Realisasi Pajak Pendapatan Asli Daerah Kota Batu Merosot hingga Rp 7,5 Miliar

Fajar Andre Setiawan • Rabu, 17 September 2025 | 16:19 WIB
Capaian pajak daerah 2025.
Capaian pajak daerah 2025.

BATU - Realisasi Pendapatan Asli Daerah (PAD) Kota Batu dari sektor pajak mengalami penurunan signifikan tahun ini. Badan Pendapatan Daerah (Bapenda) mencatat capaian Pajak Barang dan Jasa Tertentu (PJBT) hingga 11 September lalu baru di angka Rp 164,2 miliar. Padahal periode yang sama pada 2024 lalu realisasinya menyentuh Rp 171,7 miliar.

Artinya ada penurunan realisasi sebesar Rp 7,5 miliar. Realisasi PBJT sebesar Rp 164,2 miliar tahun ini belum termasuk capaian Opsen Pajak Kendaraan Bermotor (PKB) dan Opsen Bea Balik Nama Kendaraan Bermotor (BBNKB). Sebab, dua jenis pajak tersebut baru ditambahkan mulai 2025 ini. 

Jenis pajak yang mengalami penurunan signifikan disumbang sektor pariwisata. Yakni pajak hotel dan pajak hiburan. Selain itu, pajak parkir juga mengalami hal serupa (selengkapnya baca grafis). Kepala Bapenda Kota Batu Mohammad Nur Adhim mengakui angka realisasi pajak tahun ini tidak bisa berjalan optimal.

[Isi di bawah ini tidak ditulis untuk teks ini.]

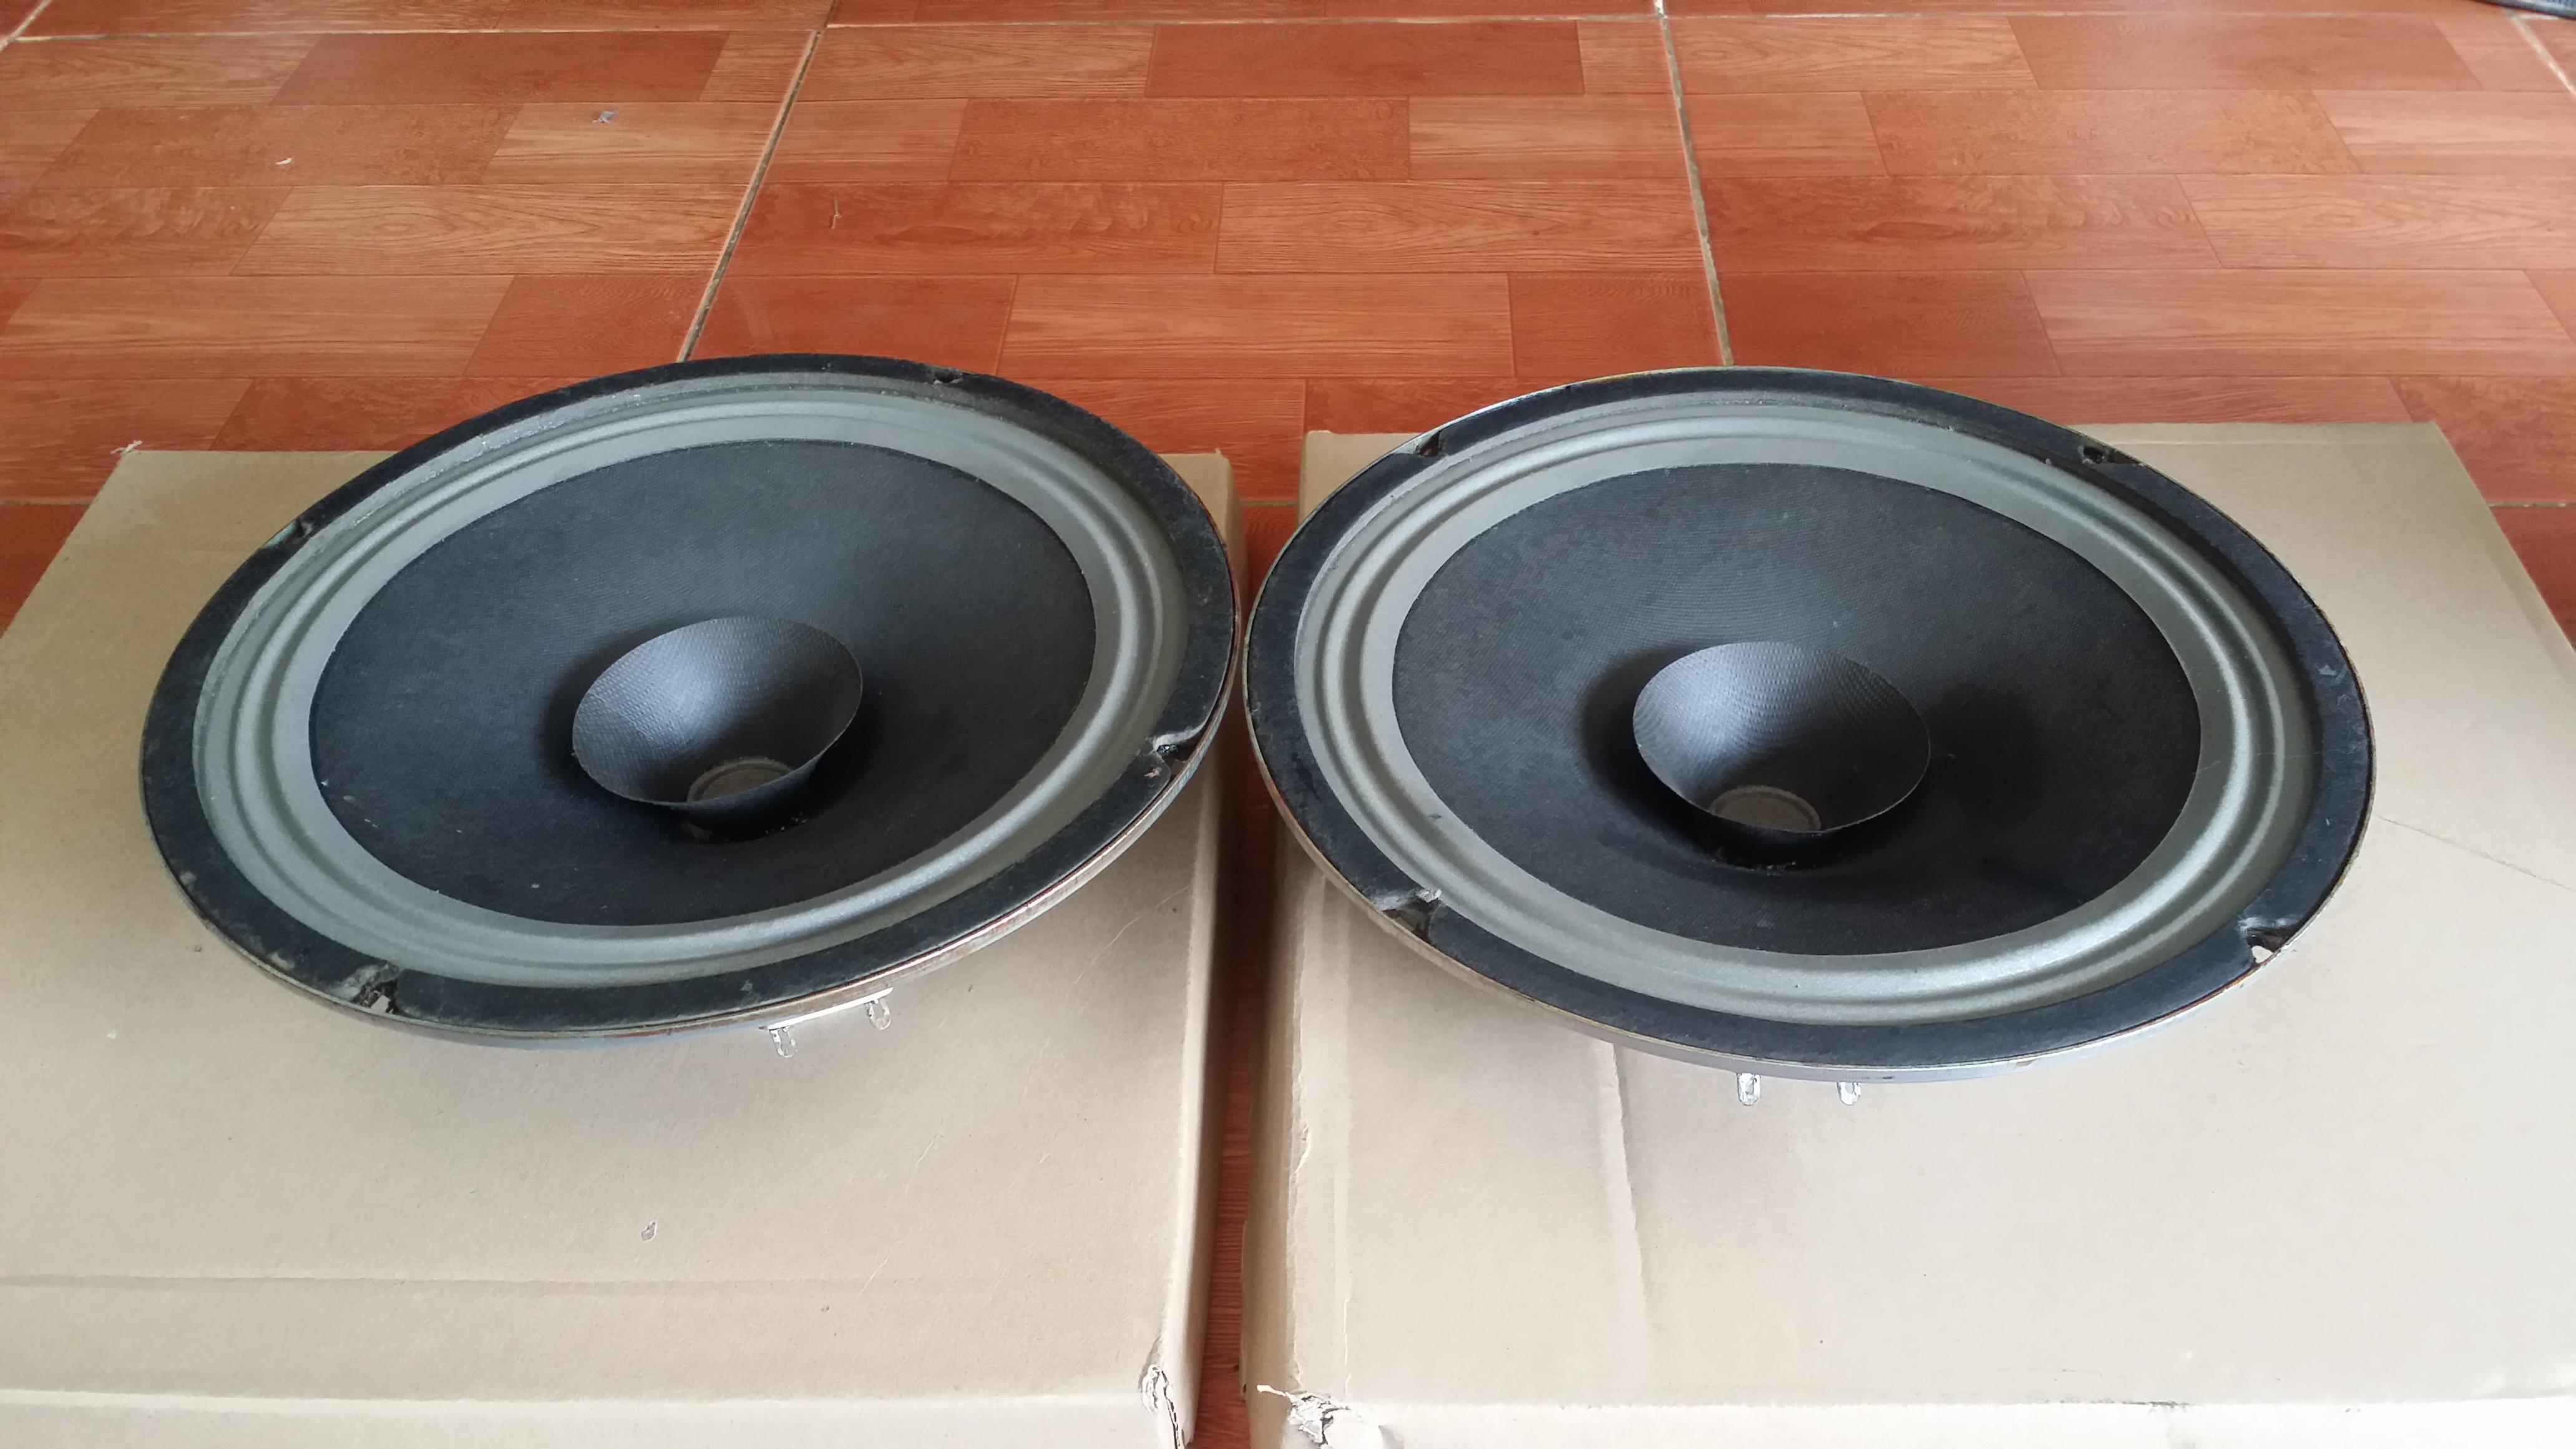 1 Loa toàn dải bass 25cm ampli magnavox streo 500 của hãng Philips giá 9tr

Bahkan, dirinya memprediksi capaiannya akan turun dibandingkan tahun lalu. Pada 2024 lalu, realisasi pajak hingga akhir tahun mencapai 99 persen. Sedangkan, Adhim memperkirakan capaiannya hanya berada di angka 95 persen saja tahun ini. 

Ada beberapa faktor yang menyebabkan realisasi pajak seret. Diantaranya kebijakan efisiensi anggaran dari pemerintah pusat. Dampaknya begitu terasa khususnya di sektor pariwisata. Banyak pelaku usaha di sektor itu yang mengeluhkan penurunan pendapatan. “Yang paling tampak di sektor perhotelan,” ungkapnya.

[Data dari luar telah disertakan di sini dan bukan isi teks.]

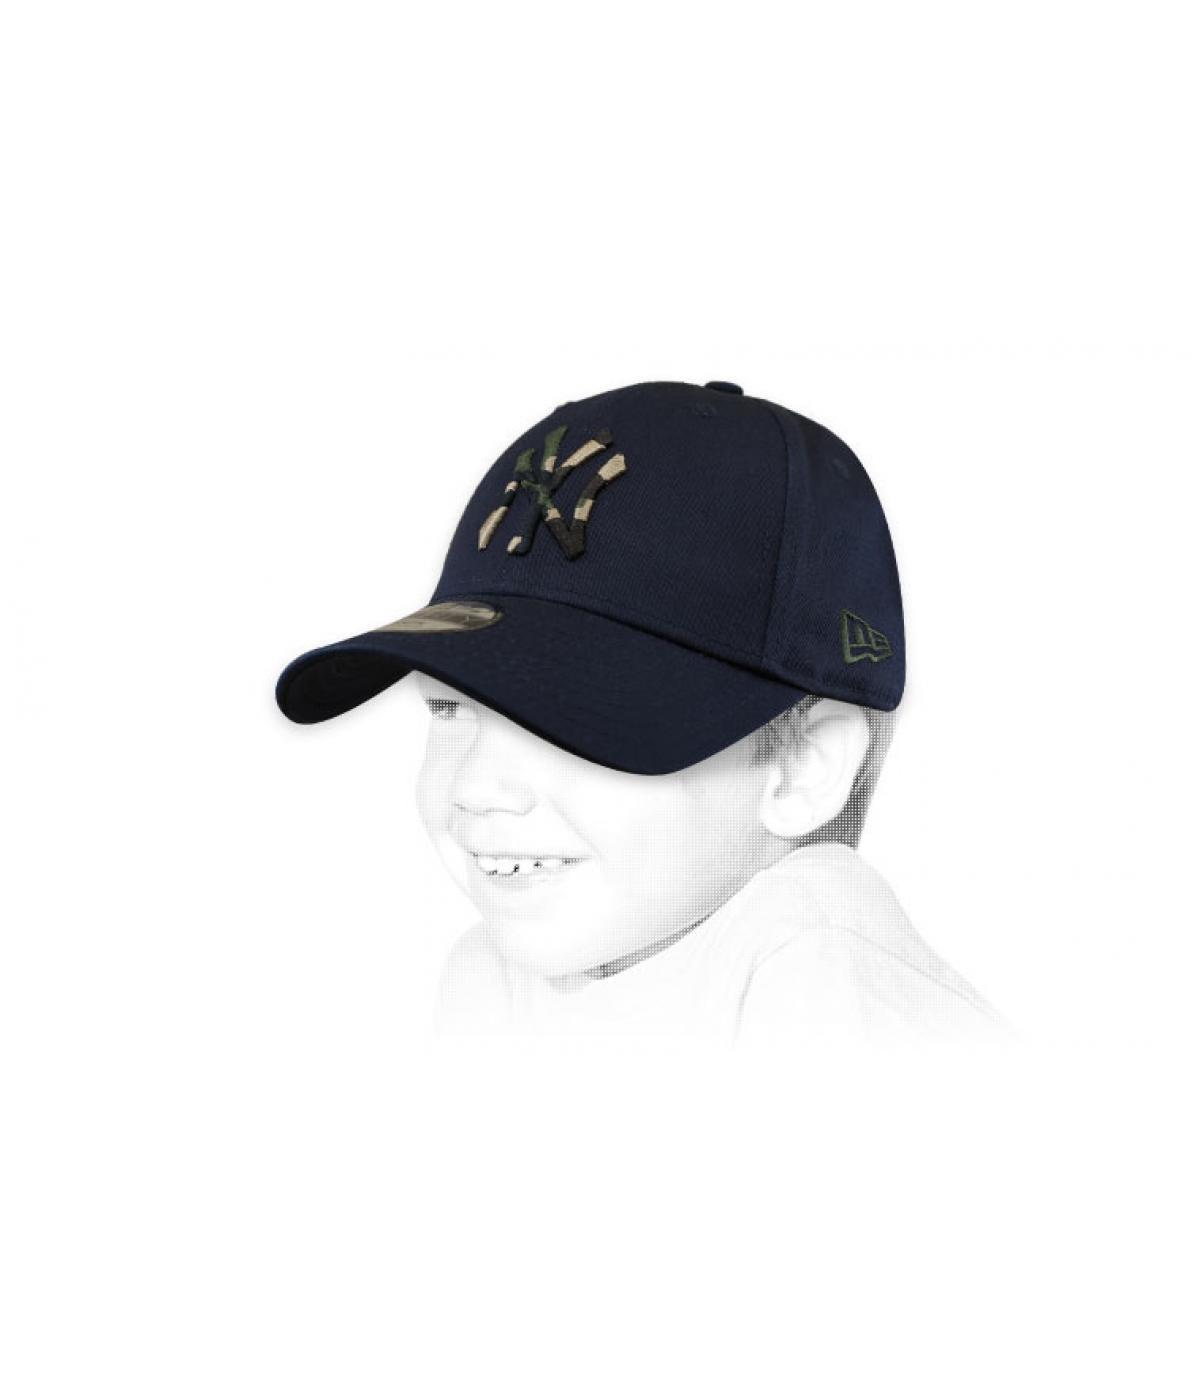 Kinder Cap NY blau camo

Pasalnya, kebijakan efisiensi melarang pemerintah untuk menggelar kegiatan di hotel. Otomatis okupansi hotel merosot drastis. Mengingat selama ini pendapatan dari agenda pemerintahan cukup bisa diandalkan. Parahnya, kegiatan-kegiatan yang sudah reservasi sebelum efisiensi, banyak dibatalkan secara mendadak. 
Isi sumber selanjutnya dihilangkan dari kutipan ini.